Anything that you might have shown that you could not get to work or that you wished you could have included
Cleaning the dataset was the worst part of the process honestly, because I couldn't figure out what I needed to clean. I feel as though I isolated the variables, rather than cleaning up the dataset. However, what I did do was remove zeros from the entire dataset, so that was what I did in order to prepare it, and move forward in the process. I suppose using the gather function to make the comparison by group easier. From there, I just created the dataframes, which isolated the variables needed to create the visualization(s).

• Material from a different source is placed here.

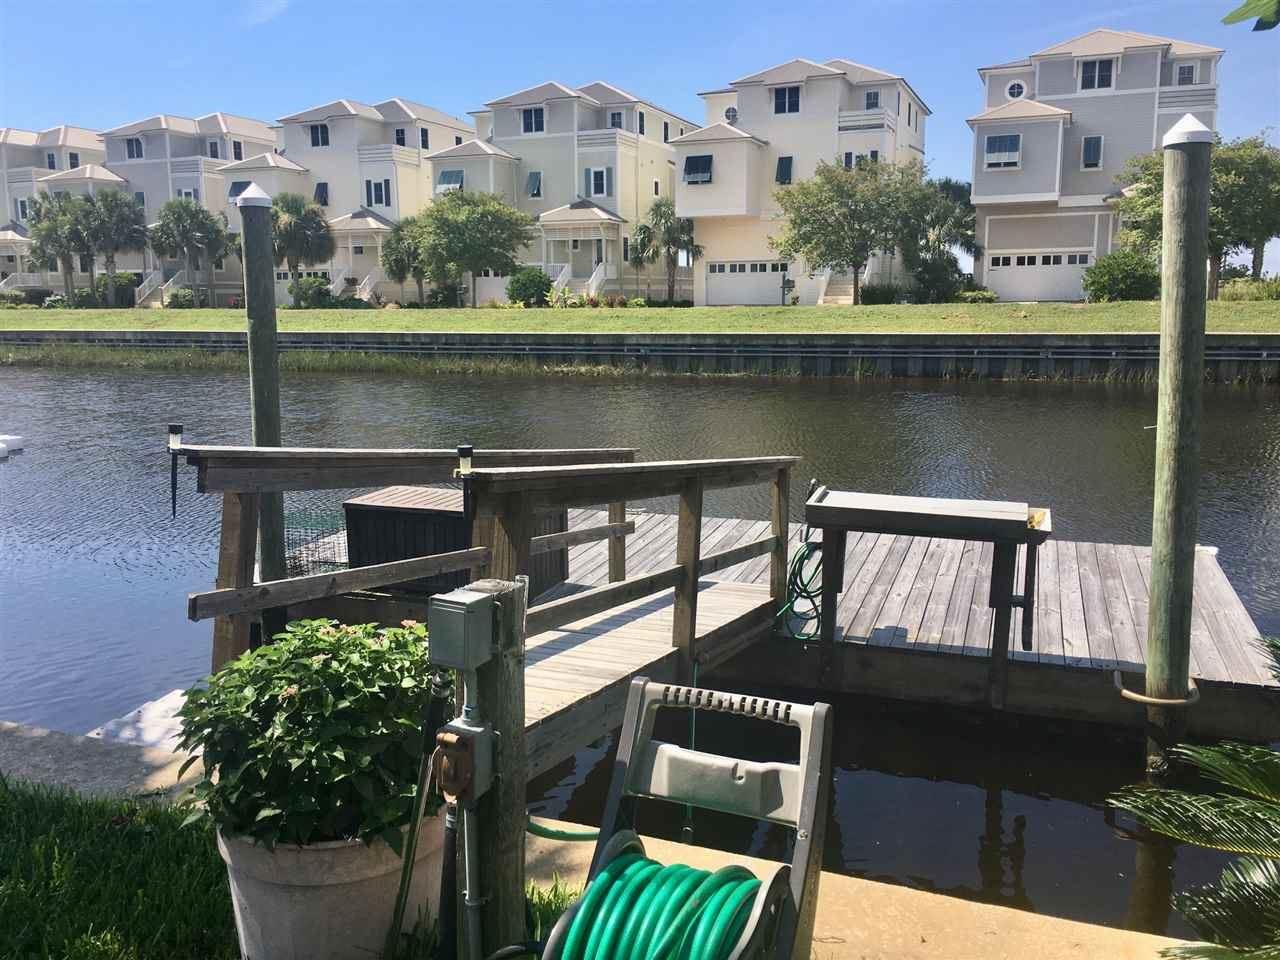 35 Janet Drive, Crawfordville, FL 32327 - MLS#: 320326

The visualization at hand represents the unemplyoment rates across different demographics. The categories and their differences range between both race, and gender. The dataset only provided data on three races, which is why those are the only ones included. I was surprised that there was no data on Hispanic demographics, or generally just more going on in general. I was also surprised with how little the unemployment rates were for the Asian demographic. Asia is such an umbrella term, that I figured there would be a high population, which meant more unemployment rates, if that makes sense. As an (South) Asian who had the worst luck in finding a job, I thought the rate would be higher (but I guess thats just me). However, since there were so many zeros present in the dataset, I don't think it really encapsulates all Asians (East Asians, South East Asians, South Asians, etc.). It was also unfortunate that the dataset didn't provide data dividing men and women, to see that comparison. On the next group in the graphs, it can be seen that the unemployment Something interesting though, is that the unemployment rate for Black or African American men is signifgantly higher than it is for Black or African American women. For White Men, their unemployment rate is slightly higher than it is for white women. All of these are interesting, and I wonder how they've changed in ten years, since the data stops at 2015.
Inititally, the plan was to create a scatterplot and take a look at these rates across different years, but there was so much to work with, that I believe I got overwhelmed and wasn't able to execute it properly. Initially I also had problems cleaning the dataset, working with removing the zeros and the group function, I just didn't understand it yet. Somethings I wish I could have included were just the use of more variables, maybe the rises and falls of employment across the different years. I also wanted (and will try to do in the future!) to make something that is more visually interesting to look at. I also struggled with understanding why the second graph is in a different scale than the first. For future reference, I will work more with actually cleaning up a dataset, and tackeling more variables from a dataset.
Sources:
The website that I used to help:
Steven P. Sanderson II, MPH. “How to Remove Rows with Any Zeros in R: A Complete Guide with Examples.” Steve’s Data Tips and Tricks, 6 Jan. 2025, www.spsanderson.com/steveondata/posts/2025-01-06/.